Metadata Ingest Pipelines (Translators)¶
Introduction¶
Metadata ingest pipelines (often referred to as translators) are pipelines that are run when we want to bring in (ingest) metadata (biosample, lab processing metadata, etc.) into the NMDC database. Ingest sources that are currently supported, i.e., sources that we currently have pipelines for are:
- NMDC Submission Portal
- JGI GOLD
- NSF NEON
- Soil Data Product (DP1.10086.001 and DP1.10107.001)
- Benthic Water Data Product (DP1.20279.001)
- Surface Water Data Product (DP1.20281.001)
Procedure¶
The steps below describe how to run the metadata ingest pipelines (translators).
- Go to either the development or production Dagit interface: https://dagit-dev.microbiomedata.org/ or https://dagit.microbiomedata.org/. If you're running Dagster locally through Docker containers, then go to http://localhost:3000/.
- Find the hamburger button (
☰
) to the left, and a side panel should open up. - You will see a section in that panel called
biosample_submission_ingest@nmdc_runtime.site.repository:biosample_submission_ingest
under which you will see all the translator pipelines that you can run. - Select any of the above pipelines, and click on the Launchpad tab/section.
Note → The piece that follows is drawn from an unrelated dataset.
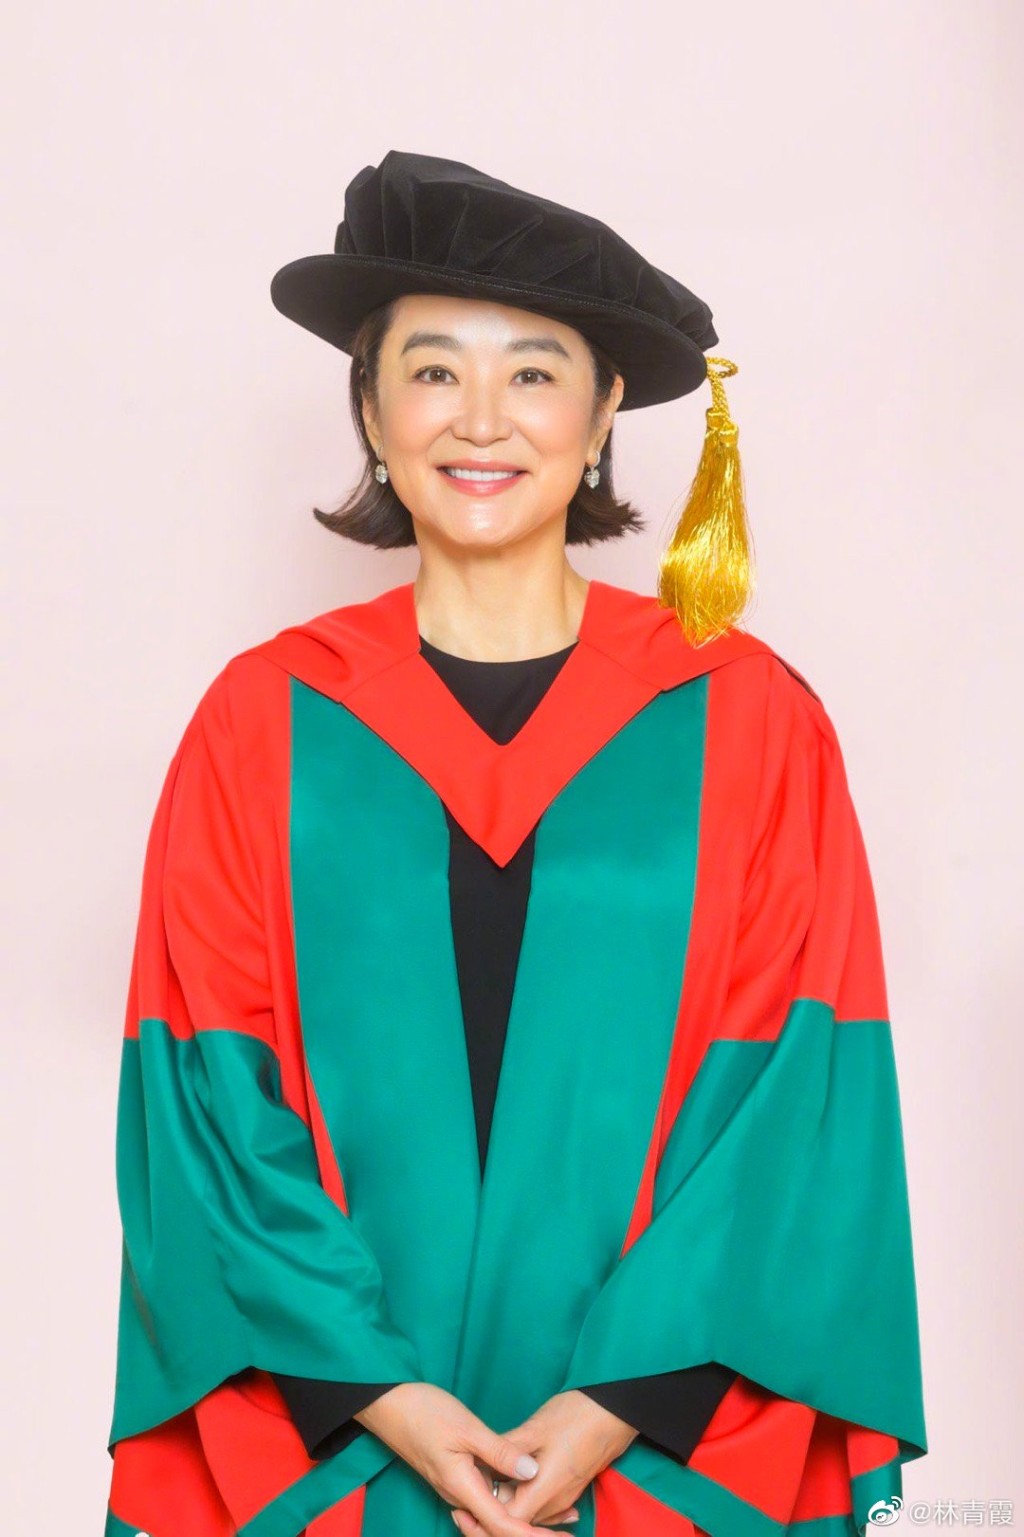 林青霞去年底更获香港大学颁授「名誉社会科学博士学位」。

- You will see different configuration parameters that you need to fill out for different pipelines.
- Once you're done filling out the configuration parameters, you can hit the Launch Run button at the bottom right of the screen, and monitor the progress of your run.
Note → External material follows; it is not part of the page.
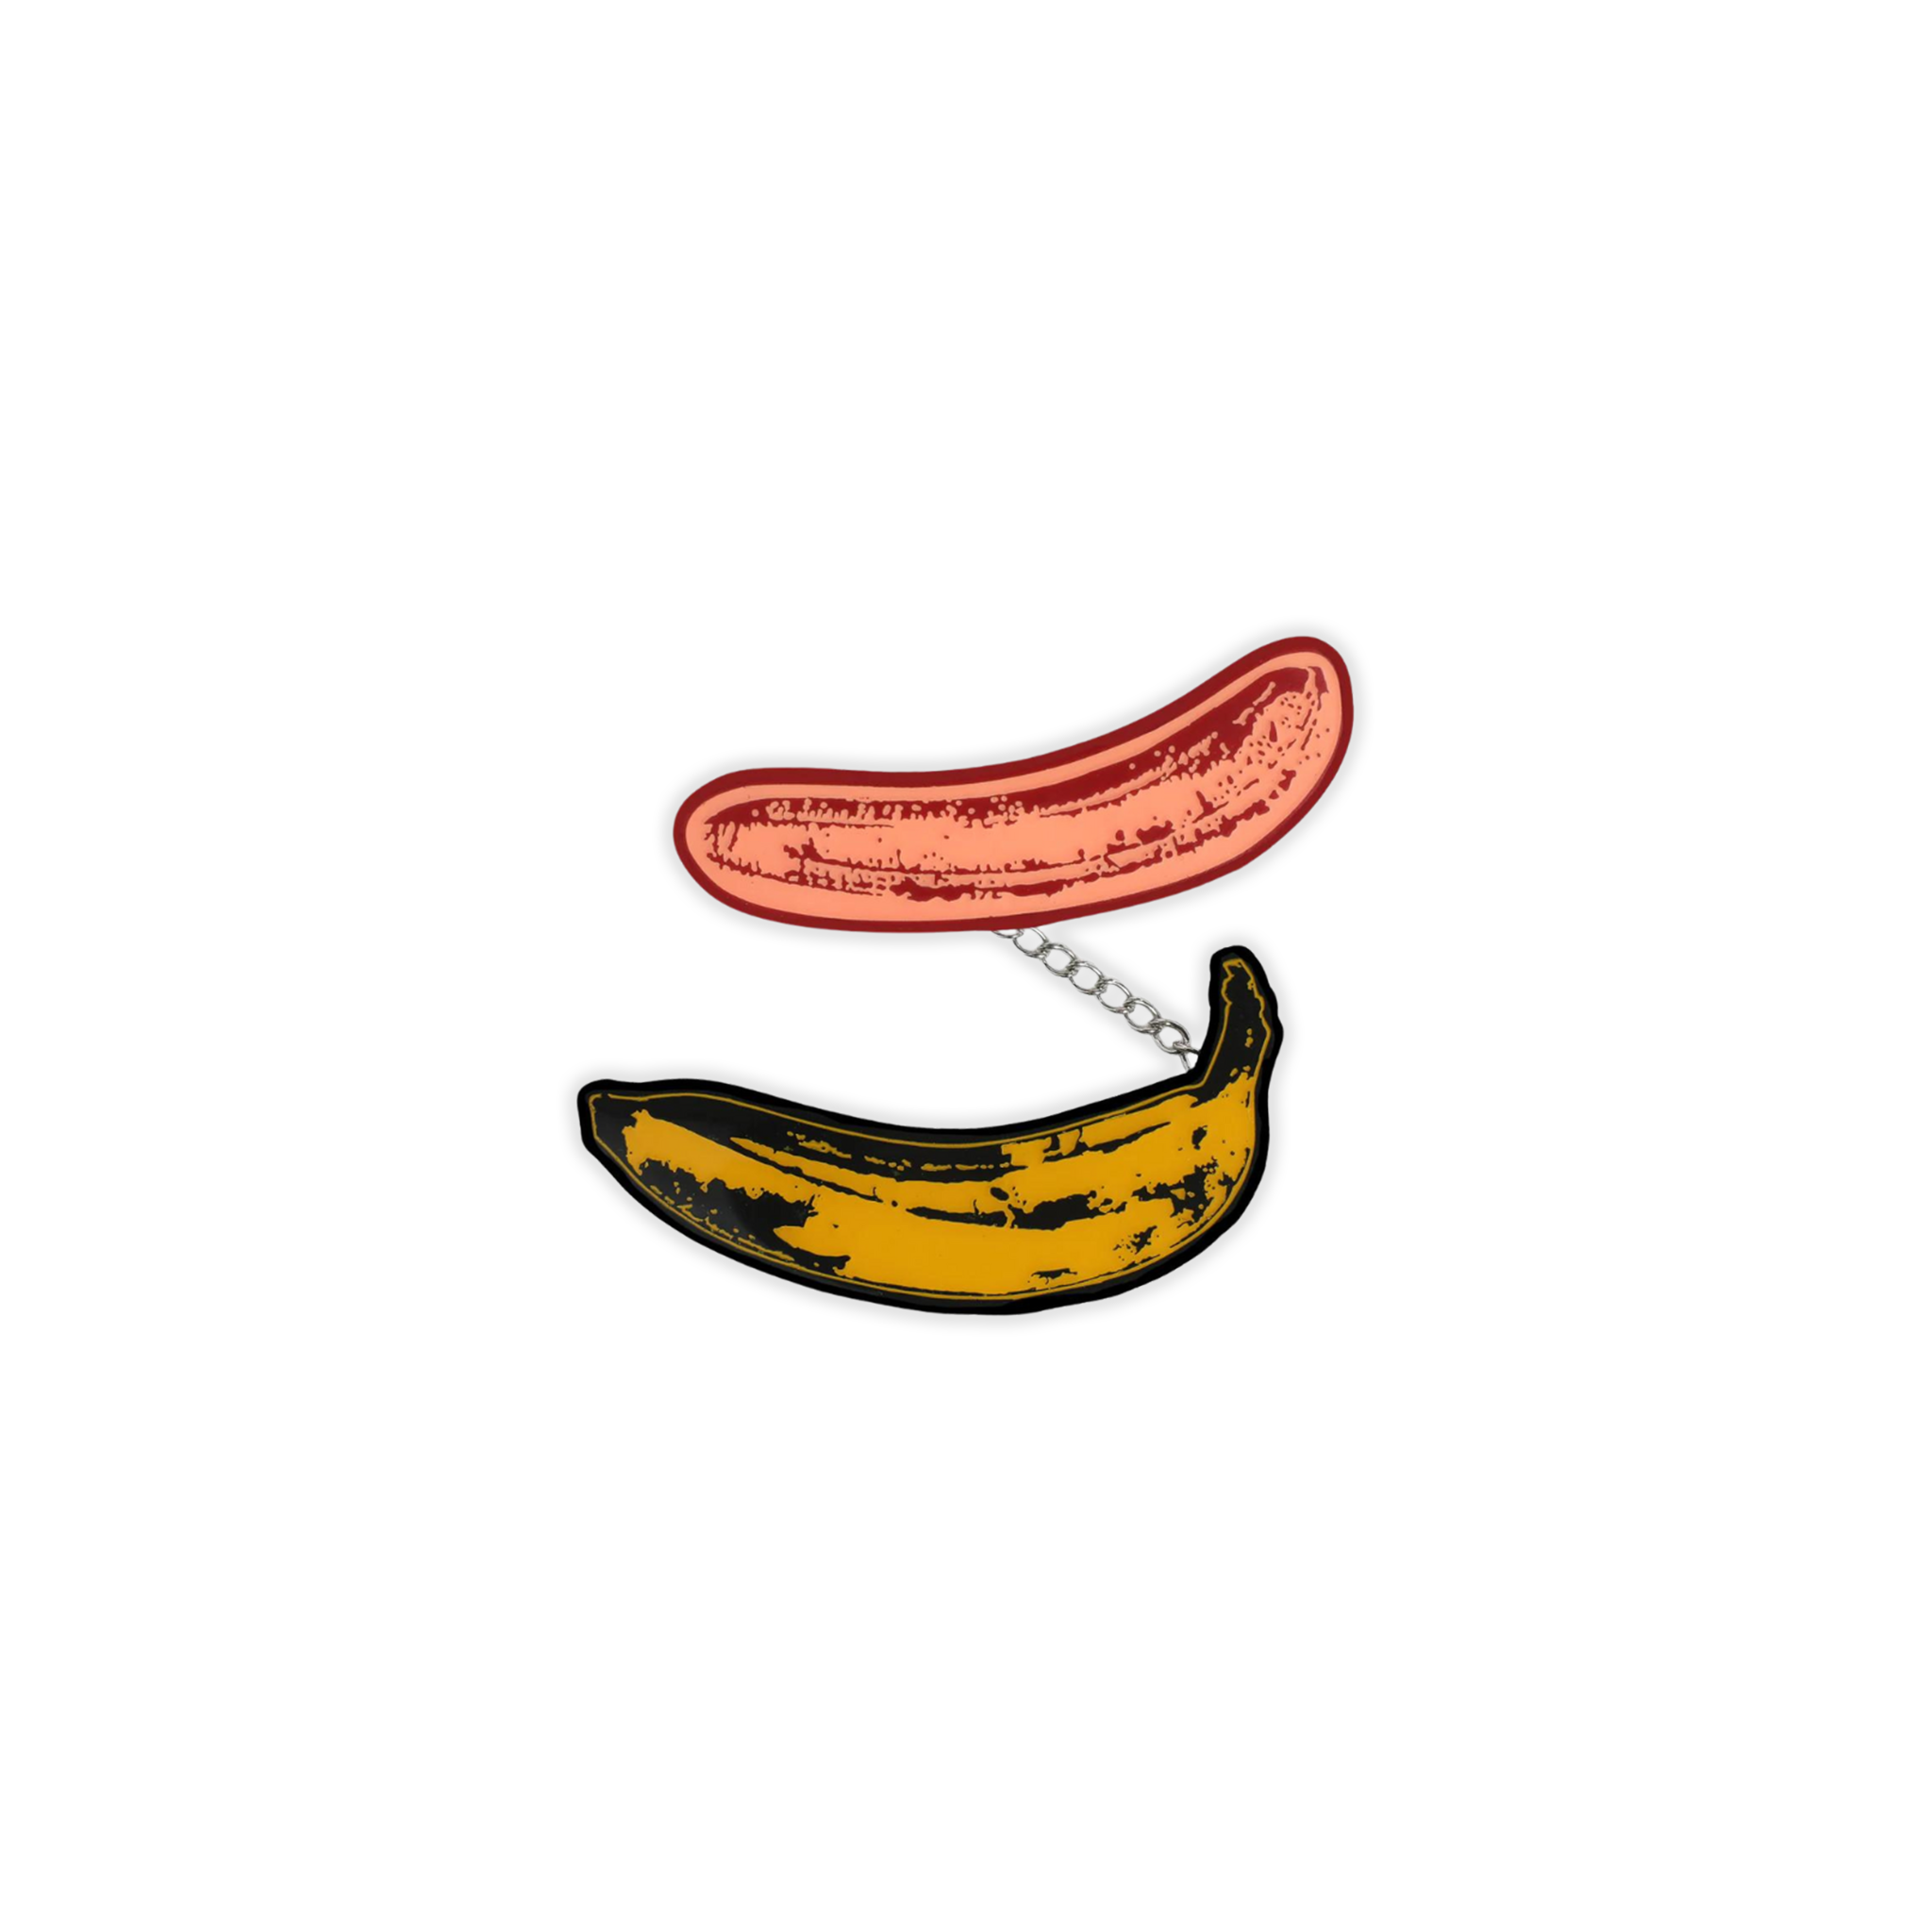 Andy Warhol 1967 Hanging Banana Pin

- You can also track the history of all your past runs in the Runs tab/section.
- For some of the translators you will notice that they are in pairs (prefixed with translate_ and ingest_). The reason is that the translate_ prefixed pipelines are intended to be run so that we have the output (JSON, etc.) rendered in Dagit and we can look at it there. As for the ingest_ prefixed pipelines, the idea is that when they are run, the produced output is also submitted/ingested into the NMDC database.
- If we are running the translate_ prefixed pipelines, the output can normally be previewed by finding and clicking the preview link on the right console log step. You can copy the text from the preview pane and either paste it directy into the request body box for any of the endpoints in the Swagger UI. Or you can paste the text into a file with the right extension and submit ("upload") it to the NMDC database using an appropriate endpoint.
- Like for example, if the translator output is JSON text, you can copy and paste the result into a JSON file. Then you can use the /metadata/json:submit endpoint to submit that JSON data to the database.
Additional Details¶
gold_study_to_database
: translator to help you ingest metadata from a given study in GOLD. GOLD studies are prefixed with Gs, for example,Gs0156736
. You need to plug in this study id in the configuration file for the GOLD translator and launch the job/run.translate_metadata_submission_to_nmdc_schema_database
: translator to help you ingest metadata from the NMDC Submission Portal. To run this you need to know the submission id of the submission you are trying to ingest. Typically that can be found in the URL bar of the study you are editing.ingest_metadata_submission
: this translator is the direct ingest into database equivalent of the above translator.translate_neon_api_soil_metadata_to_nmdc_schema_database
: translator to help you ingest metadata from the NEON soil data products DP1.10086.001 and DP1.10107.001.ingest_neon_soil_metadata
: this translator is the direct ingest into database equivalent of the above translator.translate_neon_api_benthic_metadata_to_nmdc_schema_database
: translator to help you ingest metadata from the NEON benthic data product DP1.20279.001.ingest_neon_benthic_metadata
: this translator is the direct ingest into database equivalent of the above translator.translate_neon_api_surface_water_metadata_to_nmdc_schema_database
: translator to help you ingest metadata from the NEON surface water data product DP1.20281.001.ingest_neon_surface_water_metadata
: this translator is the direct ingest into database equivalent of the above translator.